As the researchers noted, this type of attack would not have been possible if the product used additional protection technologies such as a signature scanner, which doesn’t rely on algorithms, or heuristics, which detects threats based on behavior rather than a file’s parameters.
Requires a large, well-labeled dataset
Machine learning systems are only as good as the data they are supplied with. Training an effective model requires an enormous number of data inputs, each of which needs to be correctly labeled. These labels help the model understand certain characteristics about the data (e.g. whether a file is clean, malicious or potentially unwanted).
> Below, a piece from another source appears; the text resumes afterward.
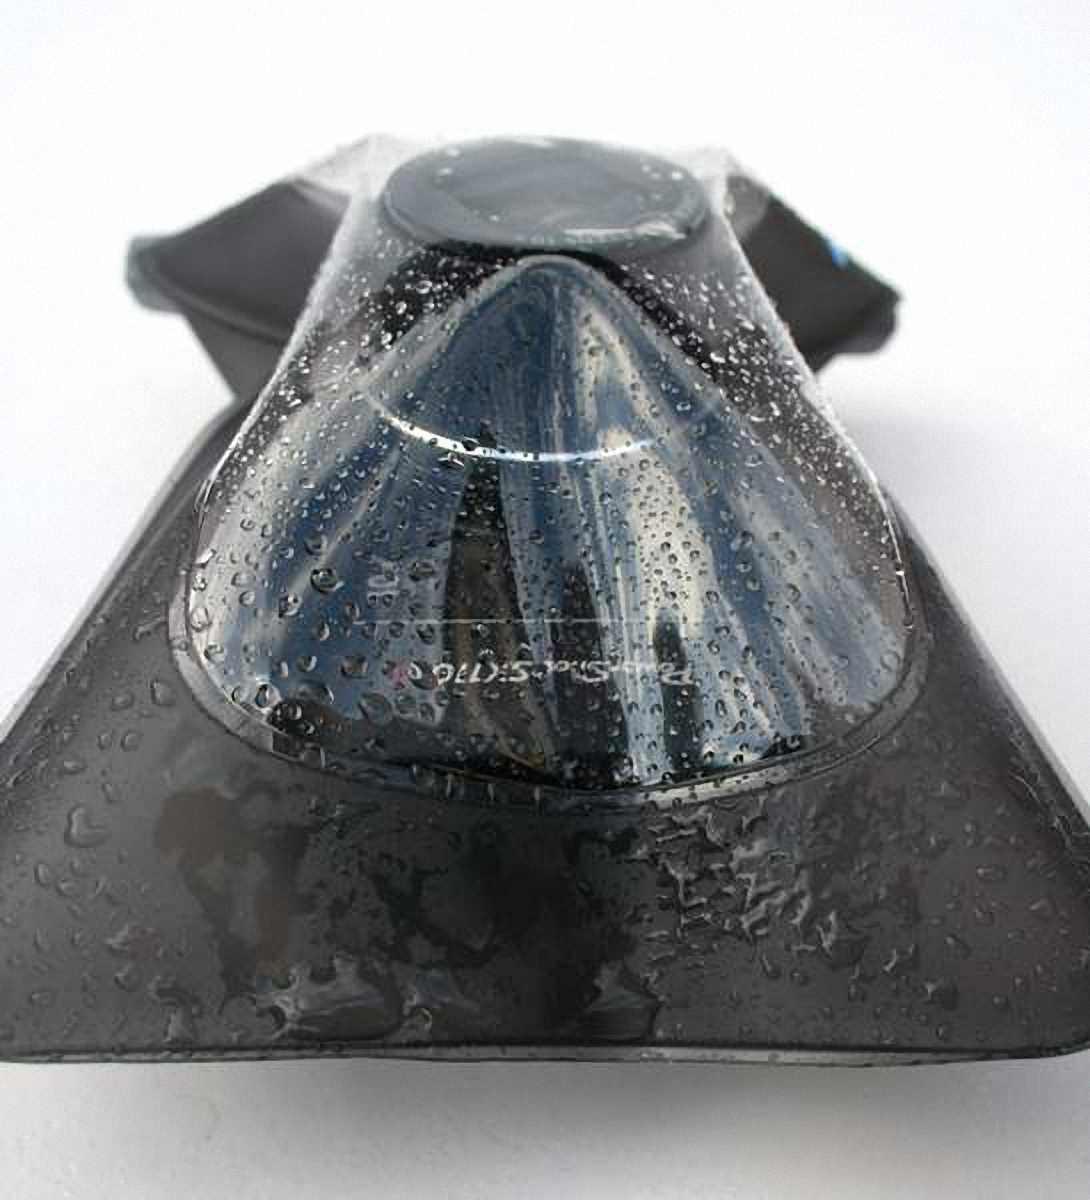 Водонепроницаемый чехол для фотоаппарата - Aquapac 418. Aquapac - №1 в мире водонепроницаемых чехлов и сумок. Фото 4

However, the model’s ability to learn effectively depends on the dataset being perfectly labeled, which can be difficult and resource-intensive to achieve. A single mislabeled input among millions of perfectly labeled data points may not sound like a big deal, but if the model uses the mislabeled input to form a decision, it can result in errors that are then used as the basis for future learning. This creates a snowball effect that can have significant repercussions further down the line.
A layered approach to cybersecurity
Machine learning is a powerful technology that may play an increasingly important role in the cybersecurity world in the years ahead. However, as mentioned above, it does have its flaws and limitations. Relying on antivirus software that is powered exclusively by AI or machine learning may leave you vulnerable to malware and other threats.
Solutions that use a combination of protection technologies will likely provide better security than a product that is entirely AI-based. For example, Emsisoft leverages the power of AI and machine learning as well as other protection technologies such as behavioral analysis and signature checkers. These systems work in synergy to double and triple-check each other’s results in order to provide you with the best malware protection possible.
Taking a multi-layered approach to security allows you to avoid putting all your eggs in one basket and maximizes your chances of stopping malware before it can infect your system.